The World Health Organization, WHO, is calling on governments and health care leaders to address persistent threats to the health and safety of health workers and patients.

The WHO Director-General, Tedros Ghebreyesus, said this at the media briefing in commemoration of the 2020 World Patient Safety Day.

He said no country, hospital, or clinic can keep its patients safe unless it keeps its health workers safe hence the world body released a Charter on Health Workers Safety towards ensuring that they have safe working conditions, training, pay, and the respect they deserve.

The Charter called on governments and those running health services at local levels to take five actions to better protect health workers.

These include steps to protect health workers from violence, to improve their mental health, and to protect them from physical and biological hazards.

Others are to advance national programmes for health worker safety and to connect health worker safety policies to existing patient safety policies.

Ghebreyesus said the Covid-19 pandemic has highlighted the extent to which protecting health workers is key to ensuring a functional health system.

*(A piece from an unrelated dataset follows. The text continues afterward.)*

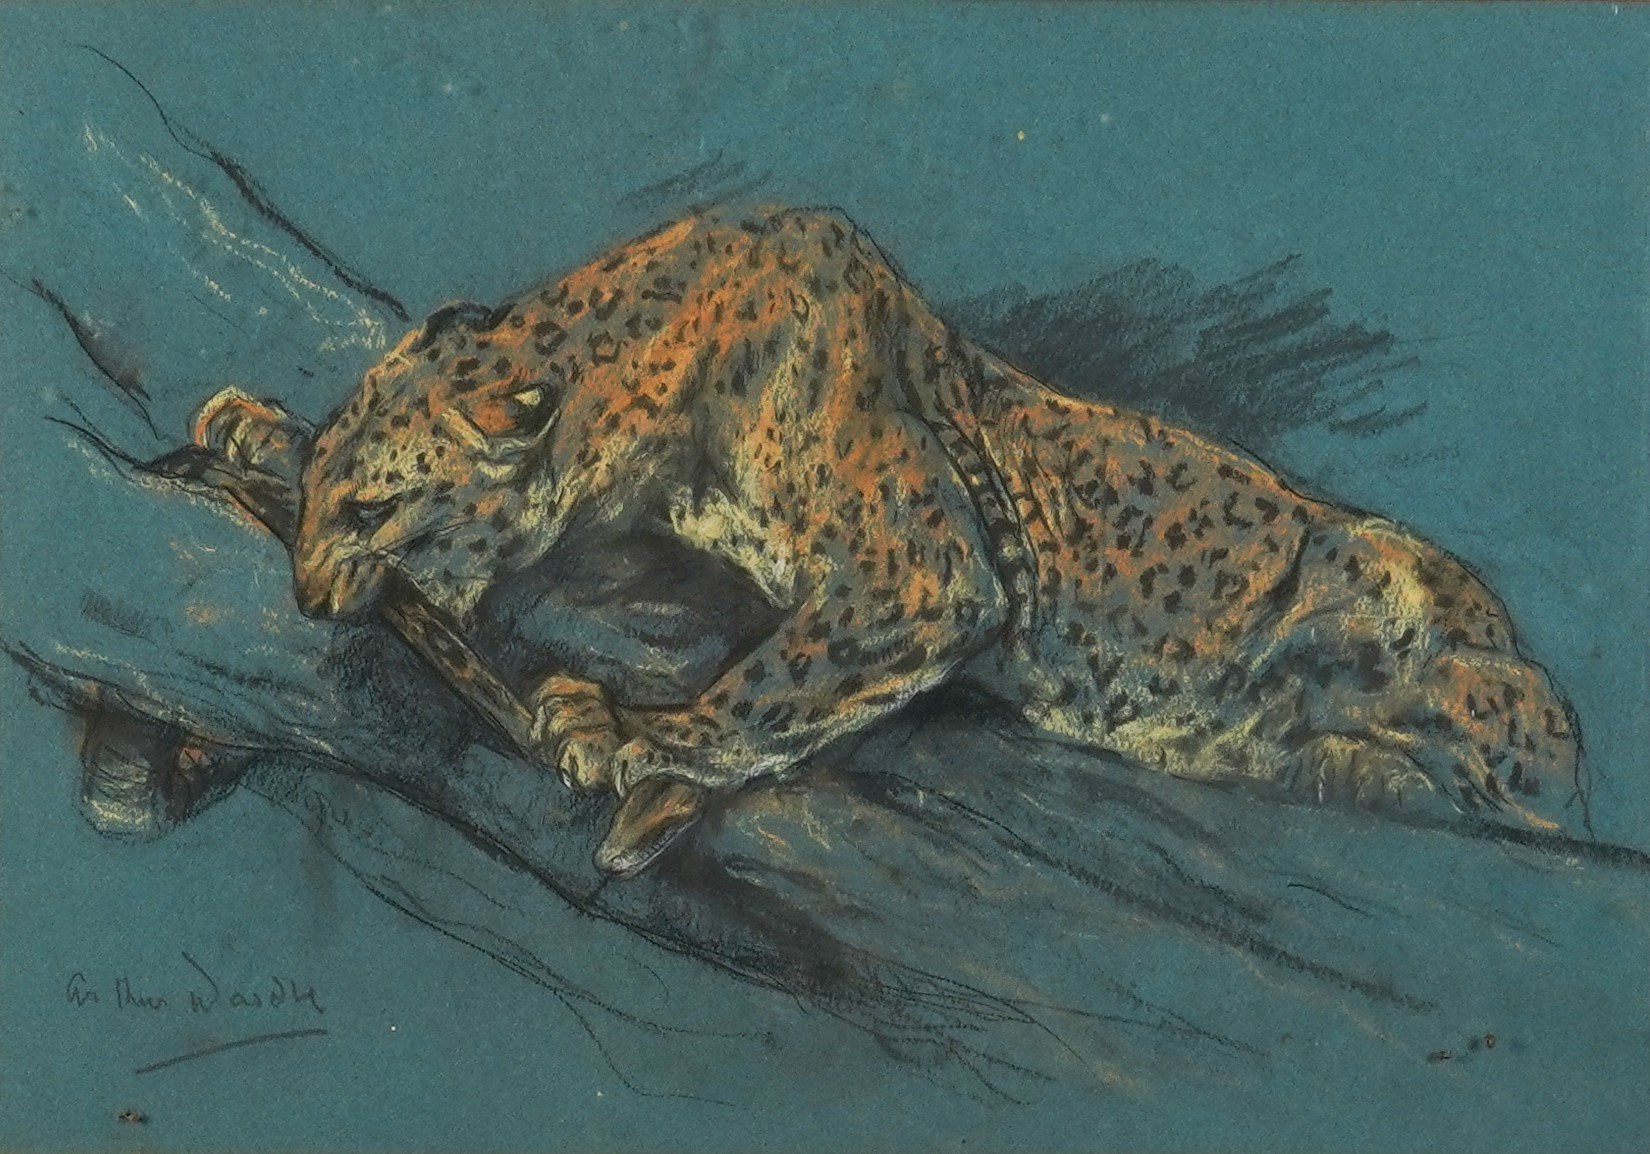 Leopard killing a python signed 'Arthur Wardle' (lower left) pastel on paper 25.5 x 36.5cm £500-800

While health workers represent less than 3% of the population in the large majority of countries and less than 2% in almost all low and middle-income countries, around 14% of Covid-19 cases reported to WHO are among health workers.

In some countries, the proportion can be as high as 35%. Thousands of health workers infected with Covid-19 have lost their lives worldwide.

In addition to physical risks, the Covid-19 pandemic has placed extraordinary levels of psychological stress on health workers exposed to high-demand settings for long hours, living in constant fear of disease exposure while separated from their families and facing social stigmatisation.

It is on record that before the Covid-19 pandemic, medical professionals were already at higher risk of suicide in all parts of the world.